A Salisbury woman has shared her experience of working at the London Terminal Control Centre on the day of the 9/11 attacks.

After the horrific incidents of September 11, 2001, where plane hijackers carried out a series of deadly attacks in America, air travel changed drastically.

Not only did security checks become much stricter, but people became understandably more nervous about flying which caused the aviation industry across the world financial hardship.

On that terrible day twenty years ago, Nikki Emerton was a 29-year-old working in accommodation services at the old London air traffic control centre in Hillingdon (LTCC).

Within the next six months, Miss Emerton, who was a single mother-of-two, would be made redundant in cuts to the industry, making a series of decisions triggered by the events of 9/11 that brought her to Alderbury, Salisbury, where she now lives.

She now has four children, as well as two grandchildren with a third on the way, and lives with her partner who she met at the London Terminal Control Centre all those years ago.

September 11, 2001

On the events of that day, she said: “It was very surreal, there was no time to go ‘oh my gosh’ and really take in what had happened in America and the enormity of it.

“It was fighting fire, I guess. You had to start dealing with the reality of all these additional flights in the air, and where they were going to go.

“I was asked to start making up the rooms because the air traffic controllers were staying on duty because of what was happening in the skies. Airplanes that were due to go anywhere near America were all turned back.

“All the air traffic controllers were prioritising where those planes were going to go, which ones needed to land first, which ones needed to dump fuel, and it was very apparent that we needed more staff.

“I was asked to then provide for those extra staff in as much as getting caterers in, providing food around the clock, because you didn’t know how long the situation was going to last.

“They’d sleep for four hours and come back on duty and keep this going for as long as needed to manage the skies.”

“It is not going to go away.”

On the measures in place in the UK at that time, Miss Emerton suggests it was probably one of the most prepared countries for disaster recovery or a terrorist attack.

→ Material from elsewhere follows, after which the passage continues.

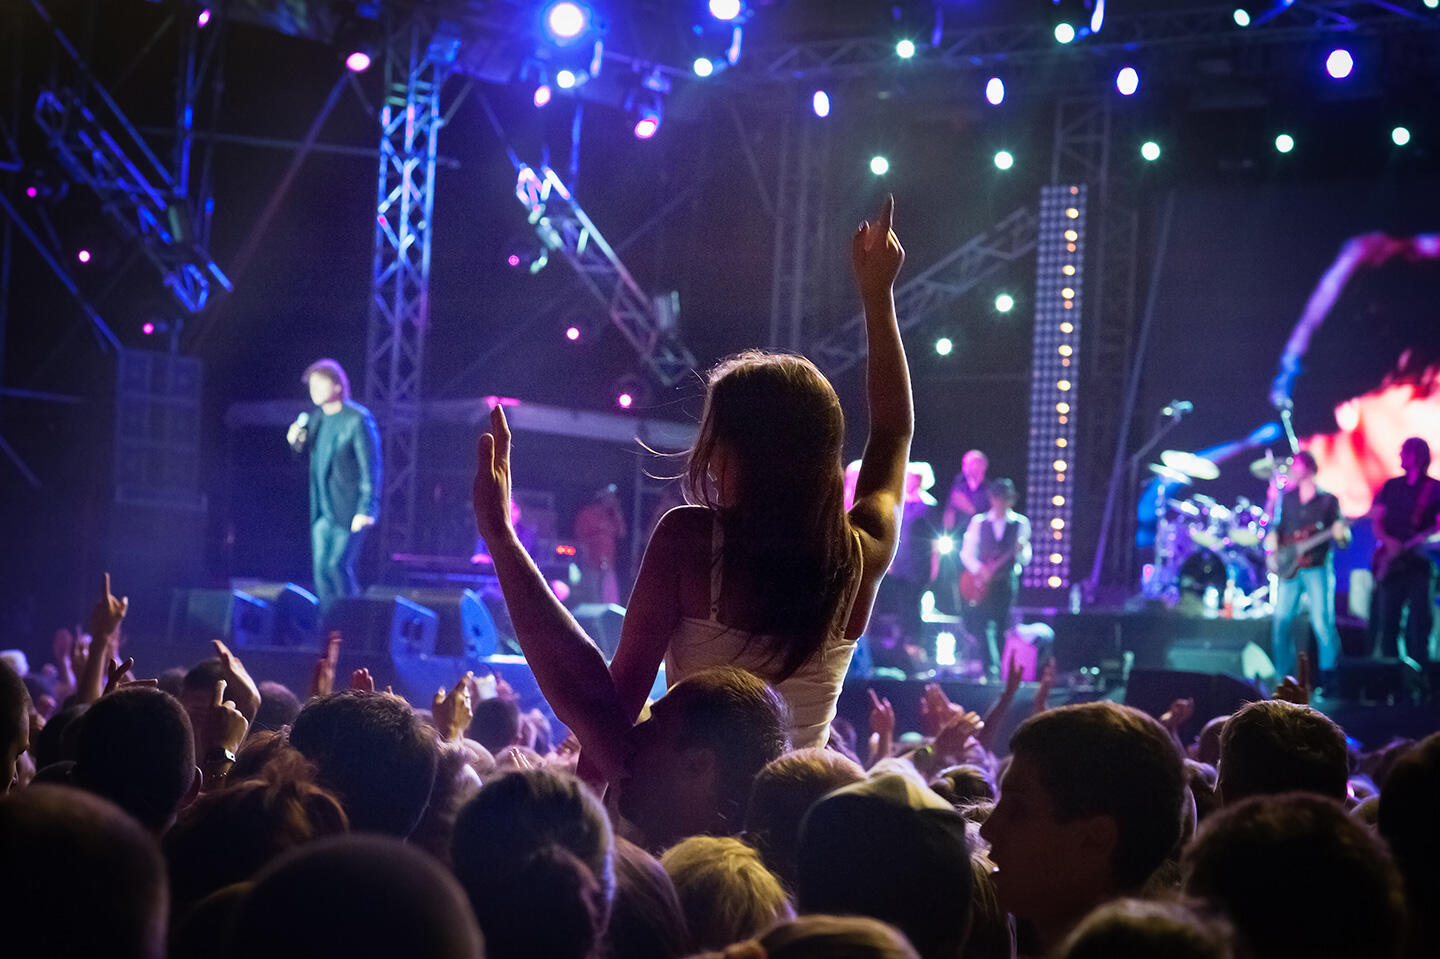 Spectatrice enthousiaste sur les épaules d'un festivalier lors des Francofolies de La Rochelle, scène de concert en arrière-plan.

She grew up in West London, at a time when the threat of IRA attacks was always in the back of Londoners minds: “In my lifetime there has never been an absence of threat.

“I even remember going to work aged sixteen and then you had the bombings in the late 80s.

“You don’t have a choice not to go to work because there might be a bomb on the tube, you just had to go.

“[terrorism] is not going to go away. No matter how hard some governments have tried to crush it... people will do anything for what they believe in. And that’s really powerful.

“You’re not going to stop those people so you just have to prepare yourself as best you can and minimise the risk.

“We’ve seen that more recently in Afghanistan and Kabul.

“Twenty years of effort has just been undone in a matter of days and that’s because people have their own belief system.

“You can’t impose your belief system on somebody else if they don’t wish it.”

“...Everyone did whatever they could in whatever capacity”

After she became unemployed, in a second wave of redundancies that hit the industry shortly after 9/11, she ‘stuck a pin in the map’ and decided to leave the capital.

“I spent six months, probably, wallowing in self-pity and then made a decision to do something about it, to raise my two daughters somewhere which was a much nicer environment.”

She found a job at the Salisbury District Hospital where she worked for around 15 years, quitting in 2017 to pursue her passion and started her current role as a clinical hypnotherapist, life coach, and neurolinguistic programmer.

Reflecting on 20 years since 9/11, Miss Emerton said: “On that day, when 9/11 occurred absolutely every member of staff was driven to pull together, to work together, to overcome that challenge... and that was phenomenal to watch, that everyone did whatever they could in whatever capacity.

“So, there was a real sense of community. And I think that’s what helped a lot of people to deal with the situation, we knew that we all were in it together and we had to come together."